14. Существование, «проект, заброшенный в мир»

      Теперь перейдём к рассмотрению следующей характерной и симптоматичной темы экзистенциализма, а именно проблематичности «здесь-бытия». Для Хайдеггера основой «здесь-бытия» является ничто; мы заброшены в мир исключительно как простая возможность бытия. Таким образом, для существа, каковое я являю собой, в экзистенции речь идёт (в метафизическом смысле) о моём собственном бытии: я могу его схватить, но могу и промахнуться. Индивид довольно забавно определяется как «возможность быть существующим», а также как «проект, заброшенный в мир» (причём о том, что этот проект обязательно реализуется, ничего не говорится). Сартр пишет: «„Я", которое я есть, зависит в самом себе от „Я", каковым я ещё не являюсь, ровно в той же степени, насколько „Я", которым я еще не являюсь, зависит от „Я", которое я есть». На подобное мироощущение накладывается экзистенциальный страх. Хайдеггер справедливо отличает его от обычного страха, поскольку последний является страхом перед миром, перед внешними, чисто физическими ситуациями и опасностями; его бы не было, если бы не было страха первого рода, то есть страха экзистенциального, который возникает из ощущения проблематичности собственного бытия в целом, из чувства того, что меня в некотором смысле ещё нет, что я могу равным образом как быть, так и не быть. Эта теория является ещё одним свидетельством атмосферы современного существования и фундаментальной травмированности бытия. Стоит ли говорить, что для цельного человека она является совершенно непостижимой, поскольку ему не ведом экзистенциальный страх, а следовательно, и страх обычный.

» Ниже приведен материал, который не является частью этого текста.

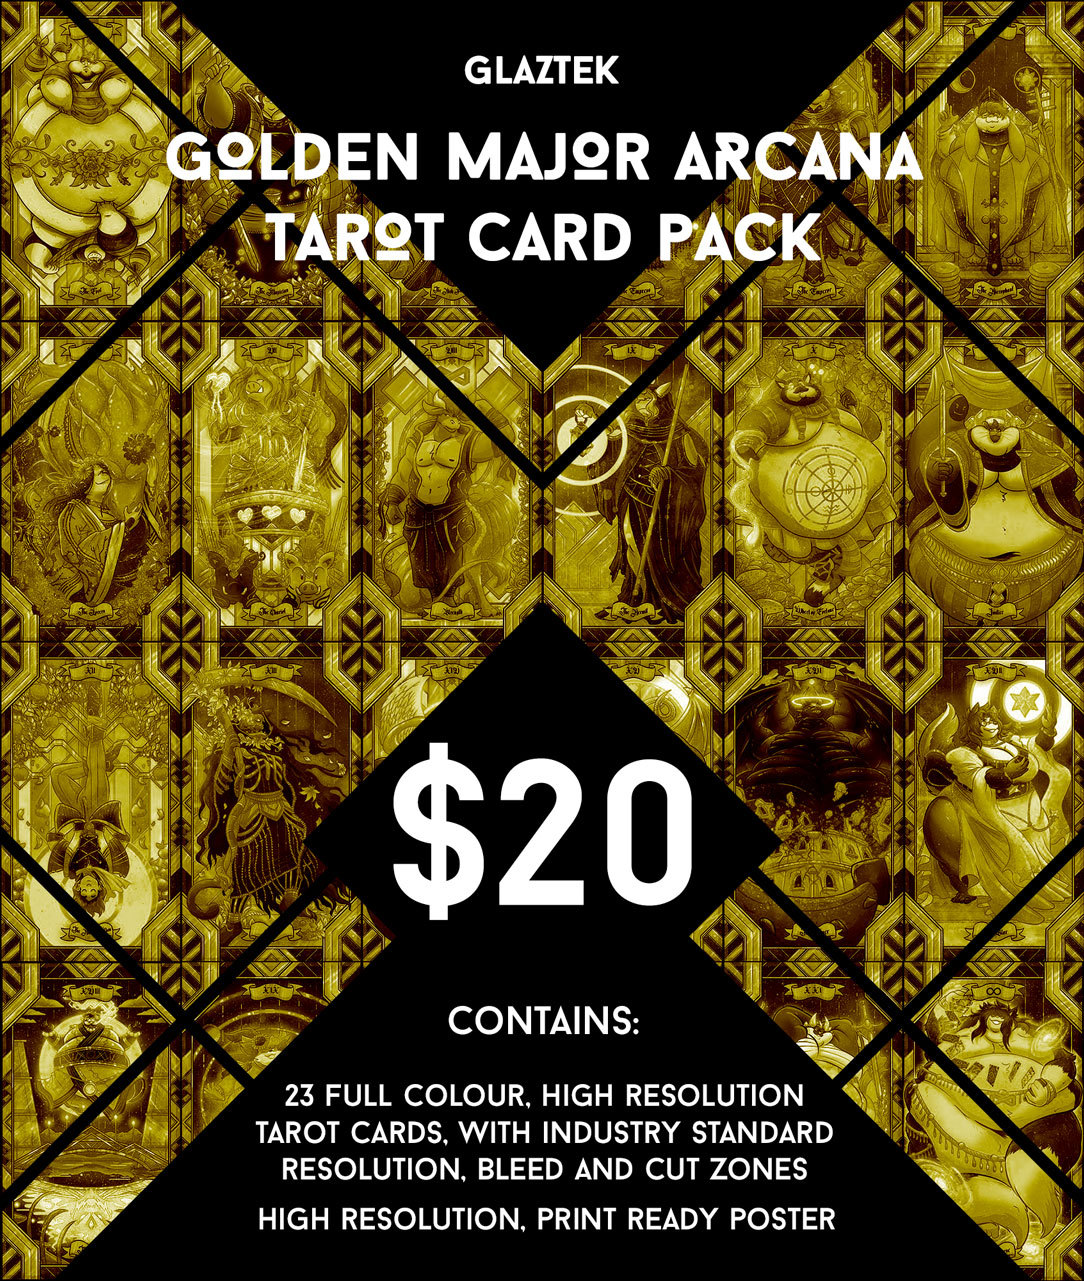 doodleglaz:    Glaztek presents the Golden Major Arcana Tarot Card Pack! https://gumroad.com/l/glaztarotDue

      В экзистенциализме, не знающем откровений религиозного типа, тяжким, но логическим выводом из подобного представления о «Само» как о простой неопределённой возможности бытия становится временность или «историчность» существования. Если ничего нет, если мы лишены предсуществующей метафизической основы, если моё существование возможно лишь в случае реализации того простого проекта, каковой я представляю собой, то очевидно, что я существую только в то время, когда происходит (или не происходит) реализация моей возможности быть. Следовательно, возможный процесс «трансценденции», рассматриваемый экзистенциализмом этого типа, может иметь исключительно «горизонтальный», но не вертикальный характер; как мы увидим, Хайдеггер прямо говорит о «горизонтальной экстатичности во временности», о том, что то сущее, каковое являет собой каждый, является временным не потому, что оно случайно оказывается в истории, но является таковым в самом своём основании; оно таково, что должно быть только во временности. Легко понять, что если человек, движимый экзистенциальным страхом, вынужденный, для того чтобы быть, подчиняться становлению, вдобавок к этому обнаруживает бессмысленность «неподлинного» существования в социализированной, пустой и поверхностной жизни, то он подходит к последней границе самой настоящей «философии кризиса», которая для нас, безусловно, является одной из разновидностей современного нигилизма.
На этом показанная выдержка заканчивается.